==== Dataset excerpt

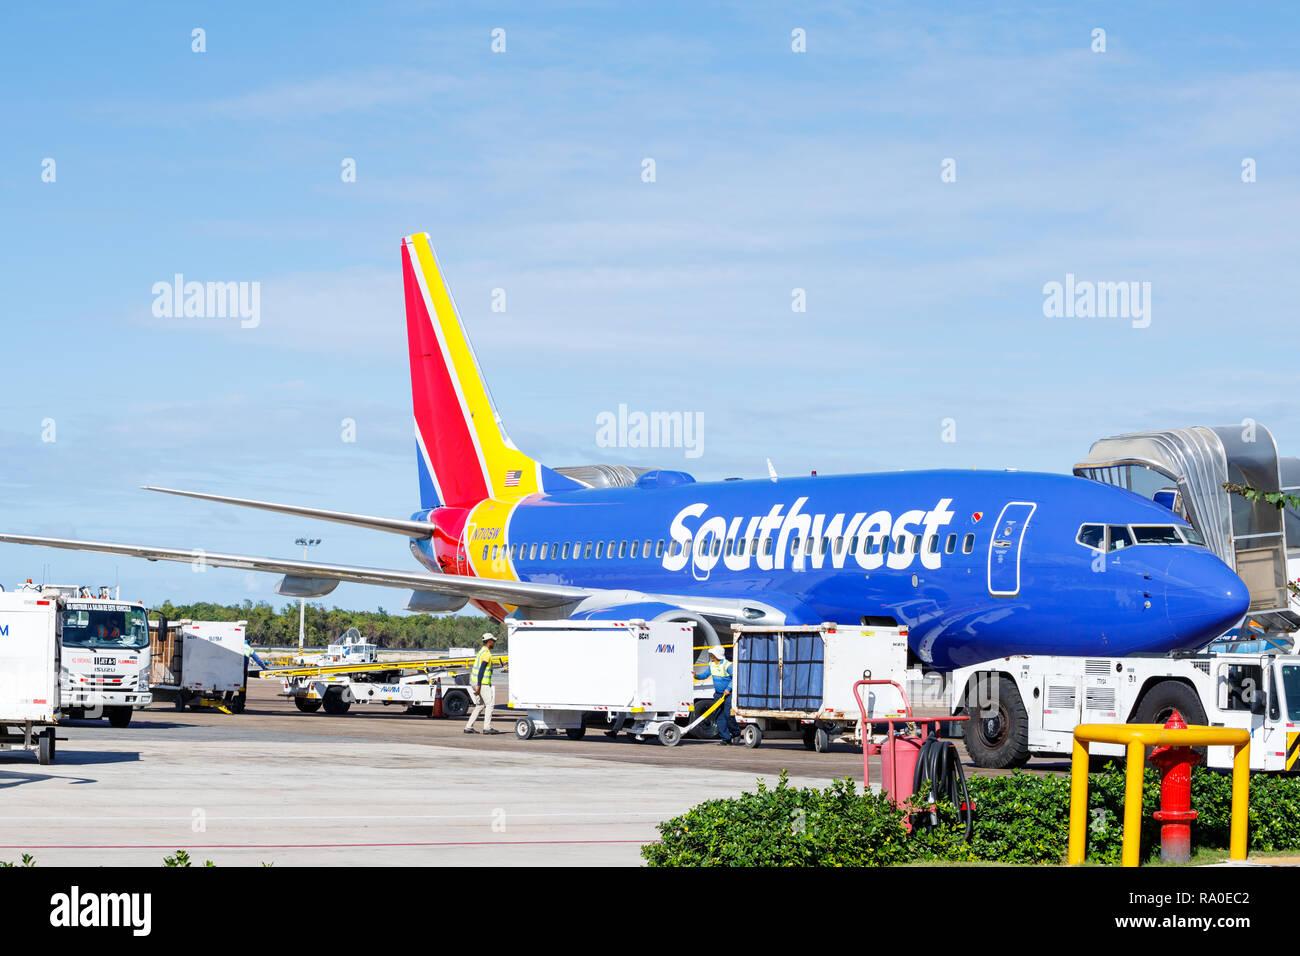 Punta Cana, República Dominicana - Diciembre 24, 2018: un avión de pasajeros de Southwest en el Aeropuerto Internacional de Punta Cana en asfalto en espera de carga Imagen De Stock
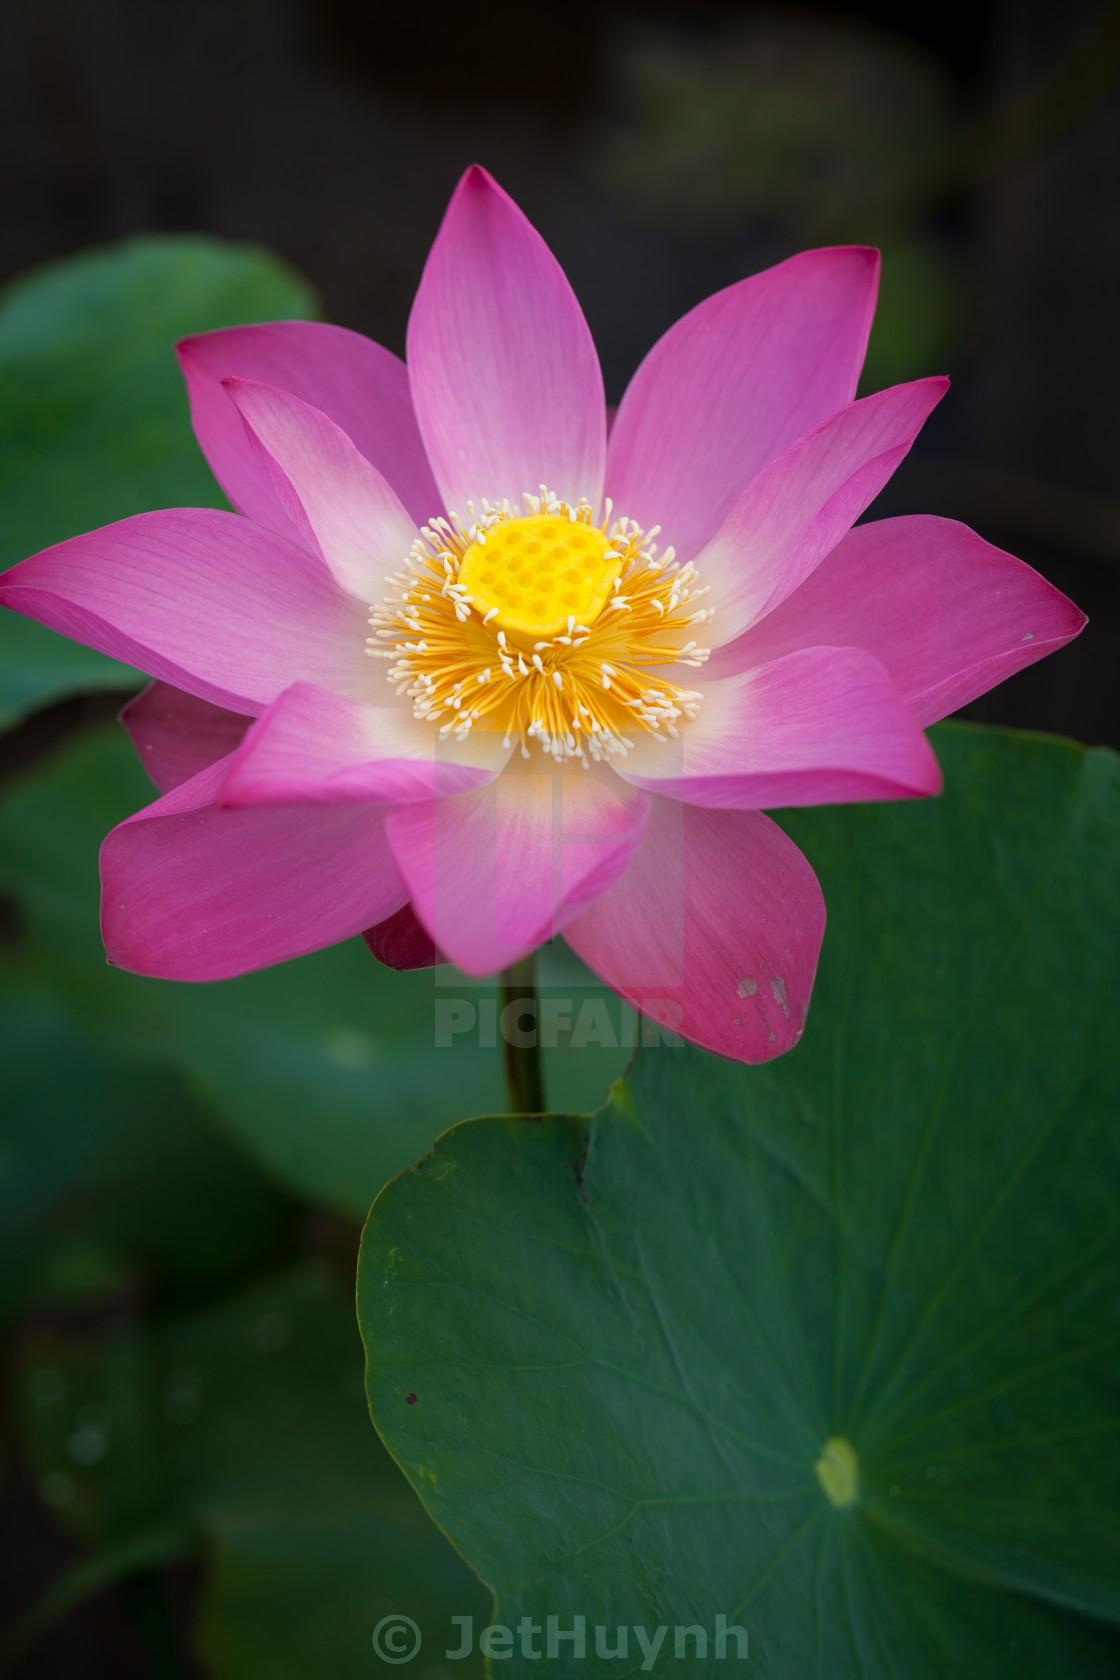 Beautiful lotus flower hoa sen blooming in pond license for beautiful lotus flower hoa sen blooming in pond stock image izmirmasajfo
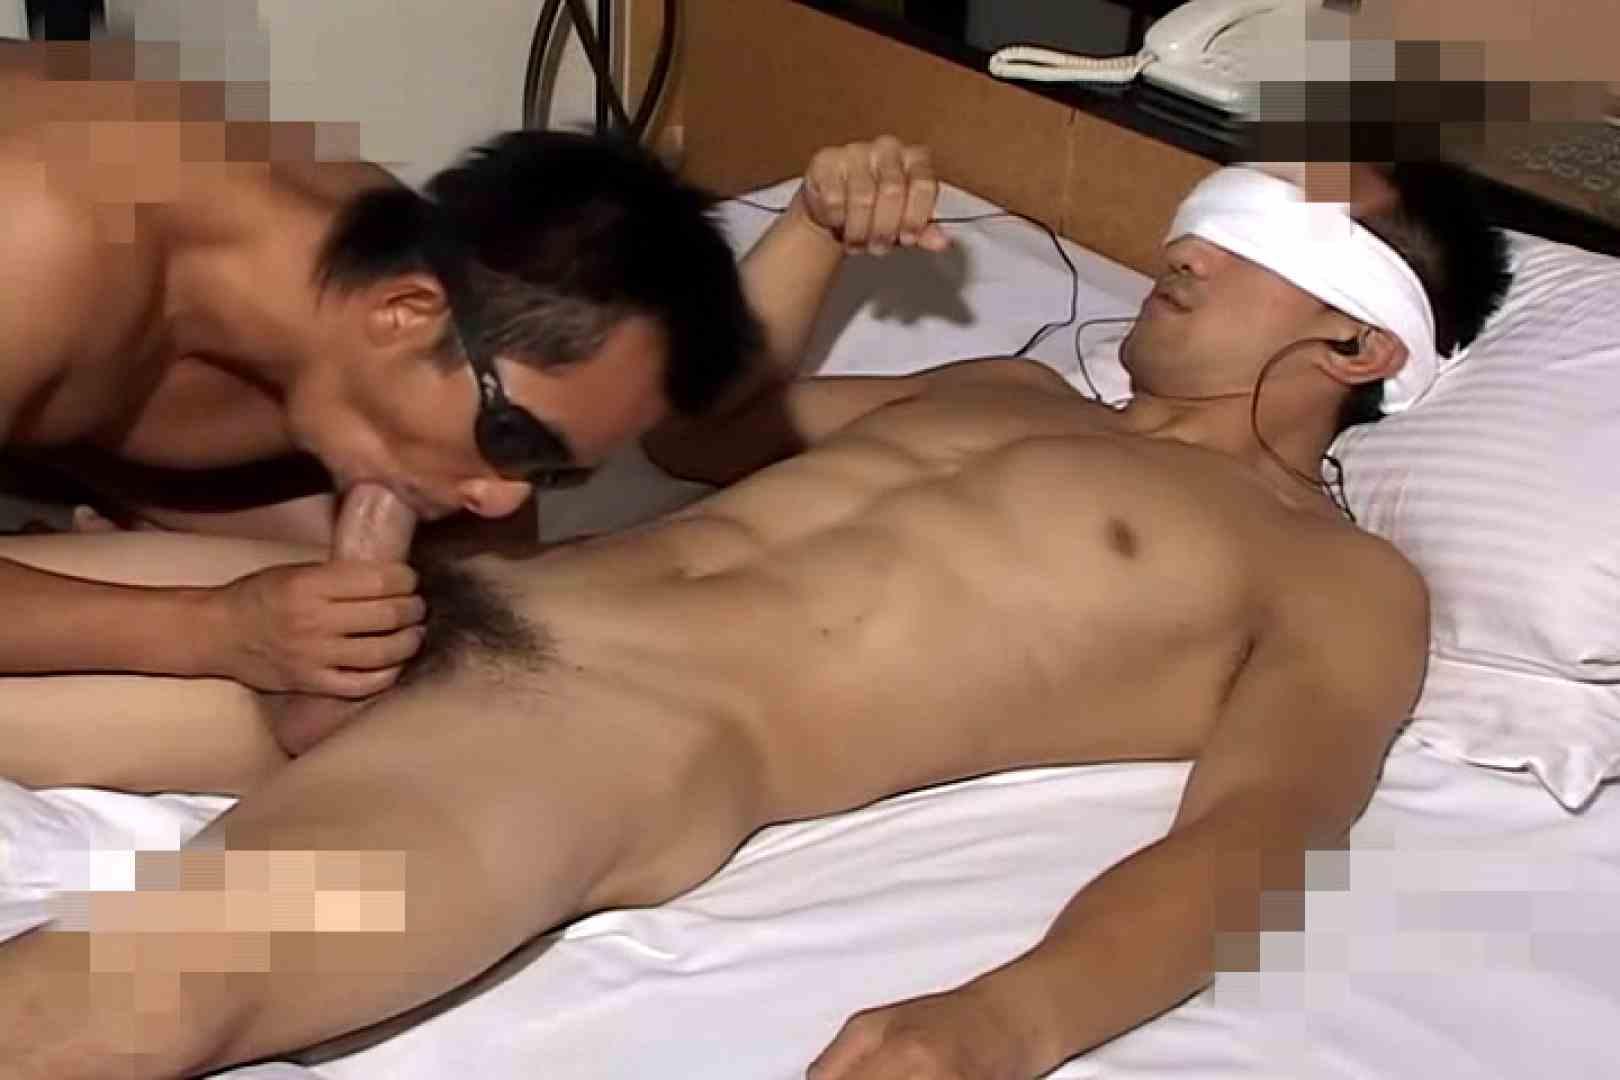 Beautiful muscle モッコリ野郎達!Vol.06 生挿入シーン ゲイ無修正ビデオ画像 90枚 55
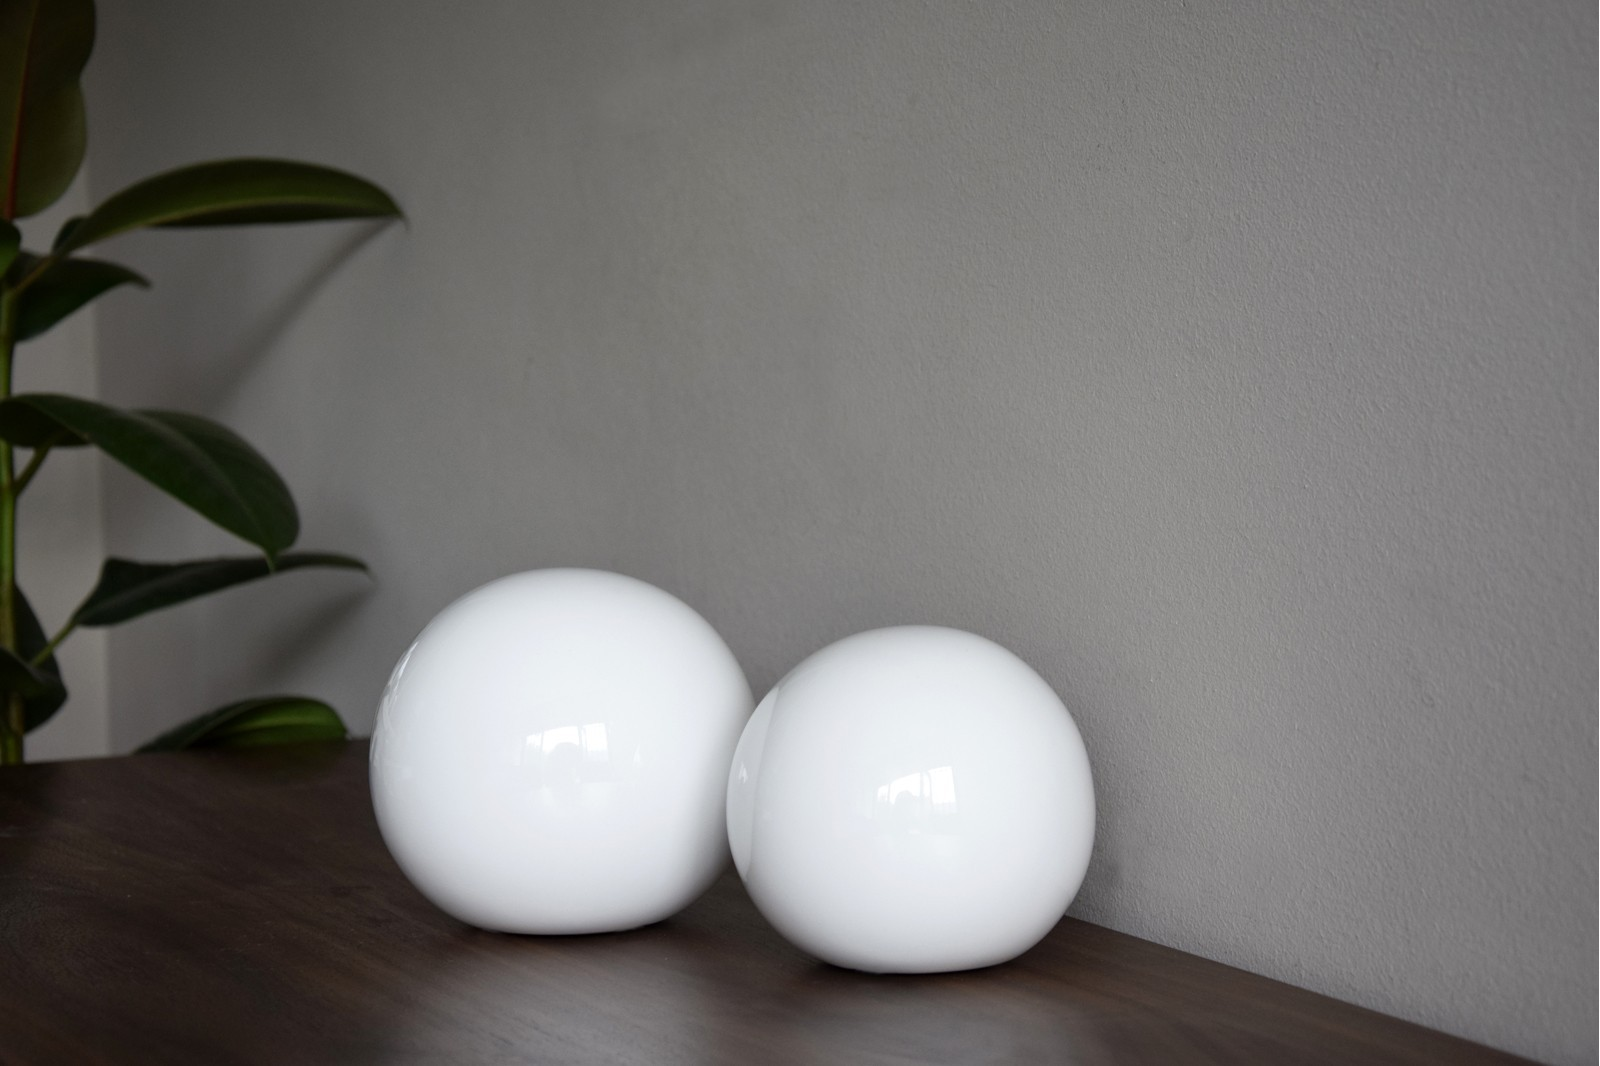 CERAMIC SMOOTH WHITE BALLS COLLECTION

========

What the exercise asks: What you produce should repeat the data word for word while omitting all images.

Your solution:
 Punta Cana, República Dominicana - Diciembre 24, 2018: un avión de pasajeros de Southwest en el Aeropuerto Internacional de Punta Cana en asfalto en espera de carga Imagen De Stock
 Beautiful lotus flower hoa sen blooming in pond license for beautiful lotus flower hoa sen blooming in pond stock image izmirmasajfo
 Beautiful muscle モッコリ野郎達!Vol.06 生挿入シーン ゲイ無修正ビデオ画像 90枚 55
 CERAMIC SMOOTH WHITE BALLS COLLECTION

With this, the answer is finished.